- Interactive map of Muscoy
- Muscoy Location in the United States
- Coordinates: 34°09′15″N 117°20′39″W﻿ / ﻿34.15417°N 117.34417°W
- Country: United States
- State: California
- County: San Bernardino

Area
- • Total: 3.041 sq mi (7.876 km^{2})
- • Land: 3.041 sq mi (7.876 km^{2})
- • Water: 0 sq mi (0.000 km^{2}) 0%
- Elevation: 1,388 ft (423 m)

Population (2020)
- • Total: 10,719
- • Density: 3,525/sq mi (1,361/km^{2})
- Time zone: UTC−8 (Pacific)
- • Summer (DST): UTC−7 (PDT)
- ZIP code: 92407
- Area code: 909
- FIPS code: 06-50132
- GNIS feature ID: 1652756

= Muscoy, California =

Muscoy is a census-designated place (CDP) in the Inland Empire region of San Bernardino County, California, United States. The population was 10,719 at the 2020 census, up from 10,644 at the 2010 census. Muscoy shares ZIP code 92407 with the communities of Verdemont, Devore Heights, Rosena Ranch and Arrowhead Farms in northwestern San Bernardino. Residents enjoy a semi-rural setting with large lots where they can raise horses and other livestock, nursery plants, and fruit trees. For this reason, much of Muscoy is included in the county Additional Agriculture (AA) overlay, which specifies the types and quantities of animals that may be kept on each parcel. A distinctive feature of Muscoy life today is motor vehicles and equestrians sharing the roadways.

==History==
Spanish and Mexican land grants made up much of the Inland Empire during the early 1800s. Among these ranchos included Rancho Santa Ana Del Chino, Rancho Cucamonga, Rancho San Bernardino and Rancho Muscupiabe.

Rancho Muscupiabe encompassed what is now Muscoy as well as portions of San Bernardino. The area’s recorded history dates back to 1843 when the land was granted to Michael White. The name Muscoy is believed to be a shortened version of Muscupiabe. In 1891, two local ranchers formed the Muscoy Mutual Water Company, which helped to establish the community’s name and identity.

In 1926, the Muscoy Water Company sold its holdings to C.H. Jonas and J.B. Roof. The new owners created a land company and by the spring of 1927, the company had amassed thousands of acres for development and sale under the name Muscoy Ranch.

Roads and water infrastructure were built to serve one-to-ten-acre parcels. Following World War II, population growth accelerated and the community began transitioning from an agricultural area to a suburban residential area.

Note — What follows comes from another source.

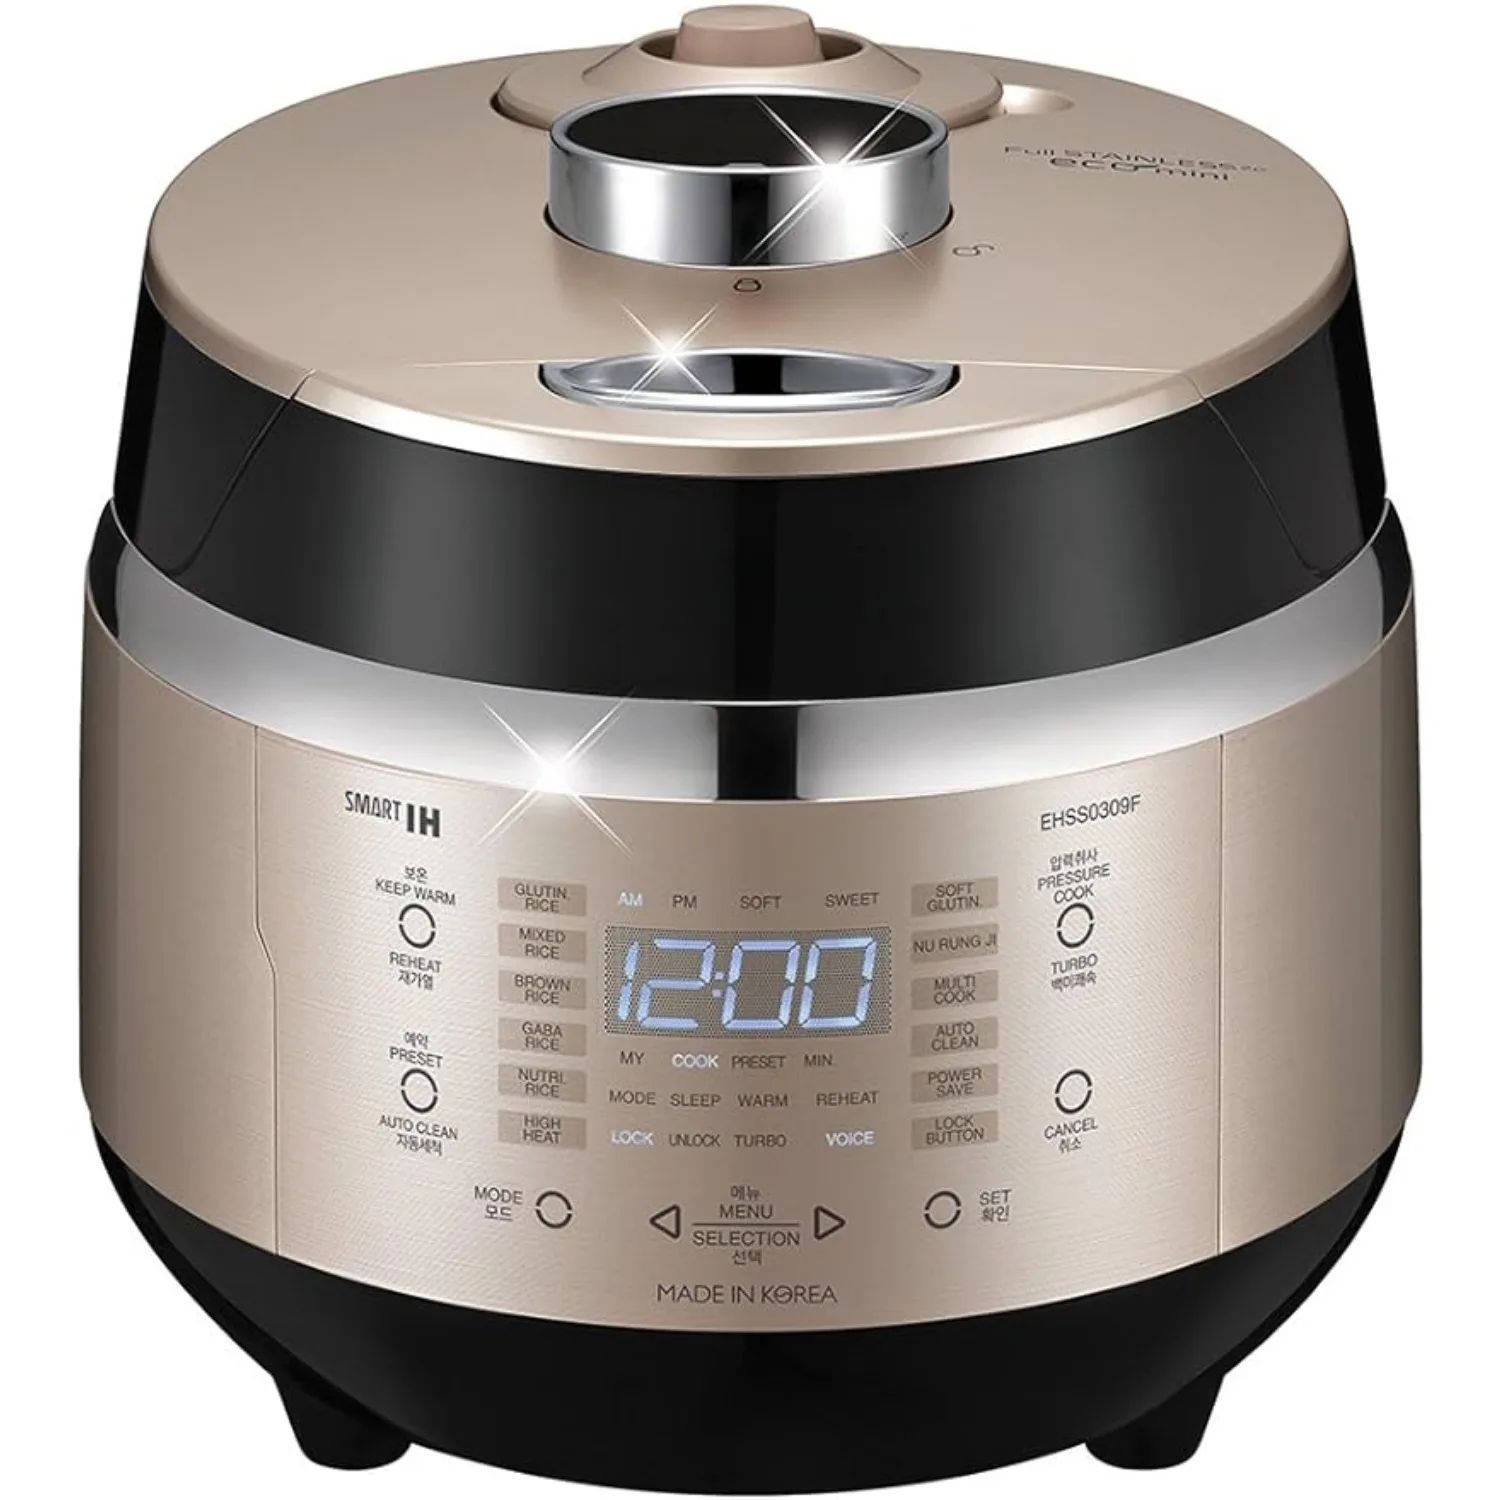 

Induction Heating Pressure Rice Cooker | 15 Menu Options, Auto-Clean, Voice Guide, Made in Korea | Gold,11"D x 15"W x 10"H
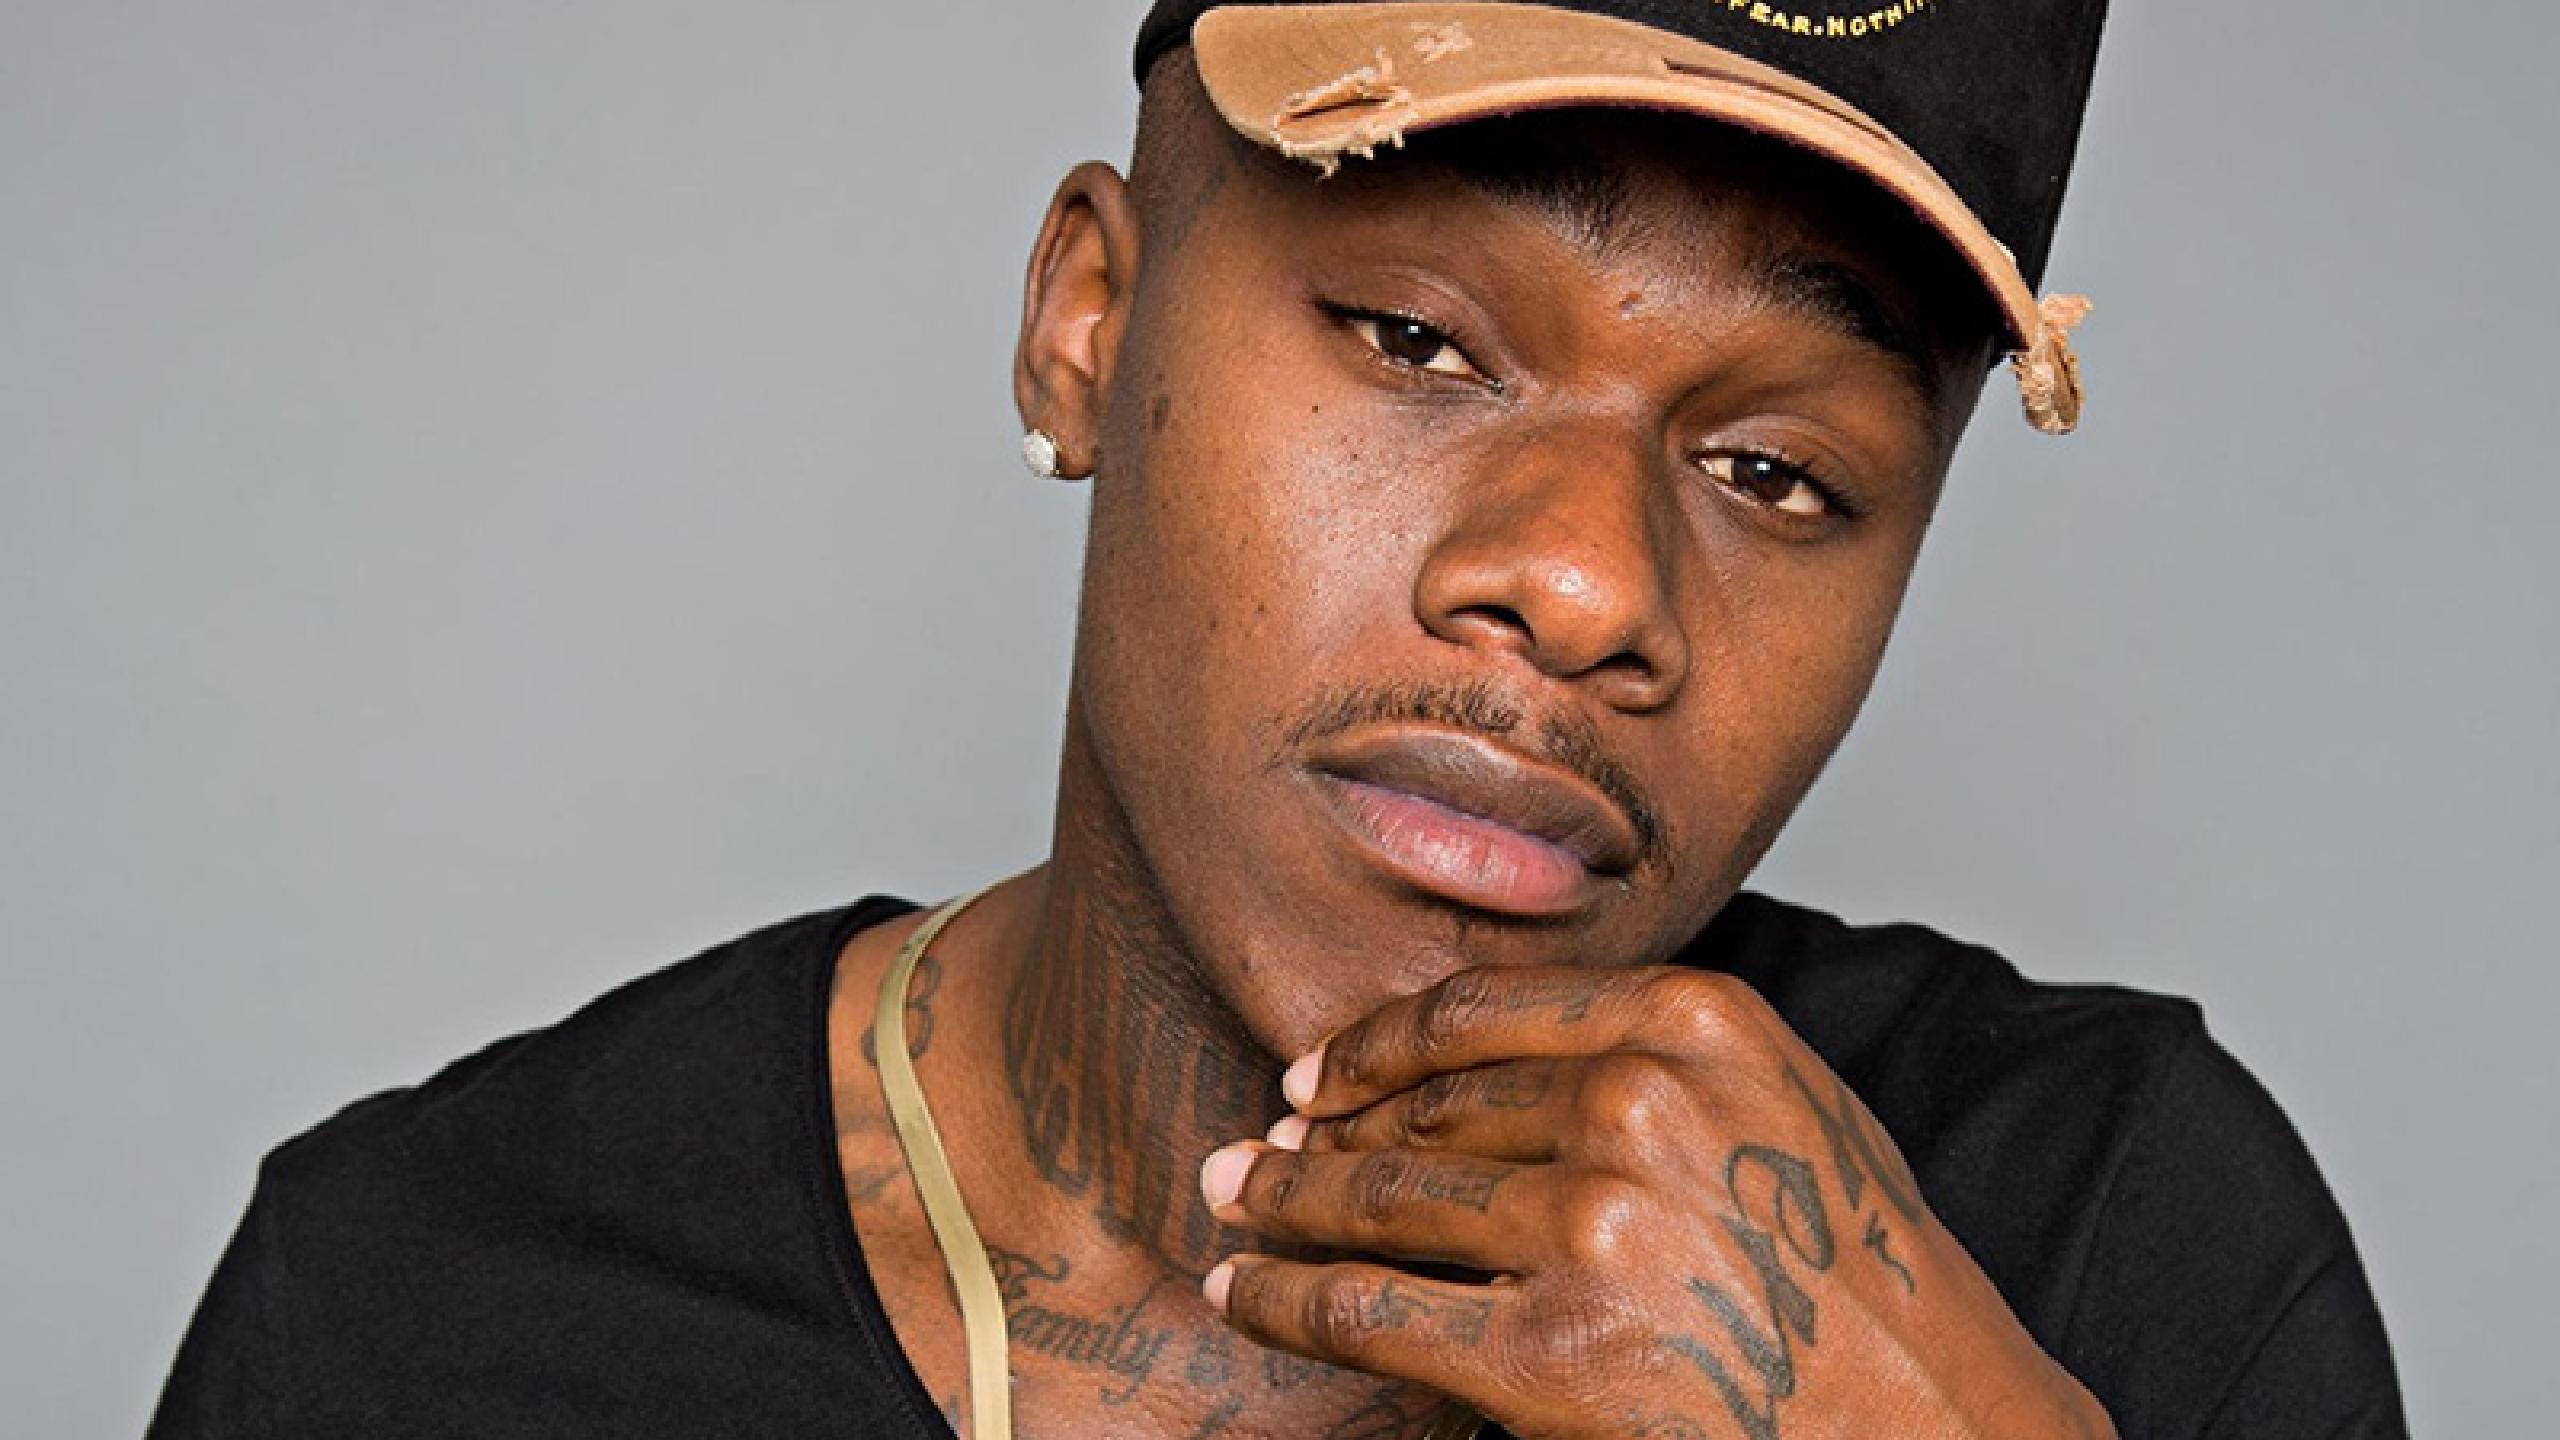 DaBaby tour dates 2019 2020. DaBaby tickets and concerts. Wegow

As the population grew, Muscoy supported its own newspaper, the Muscoy News. In 1947, community leaders established the Muscoy Chamber of Commerce to address the needs of the community. During the 1950s and 1960s, additional businesses opened to serve travelers and residents, while more families settled permanently in the Muscoy area. The community also had its own Little League program.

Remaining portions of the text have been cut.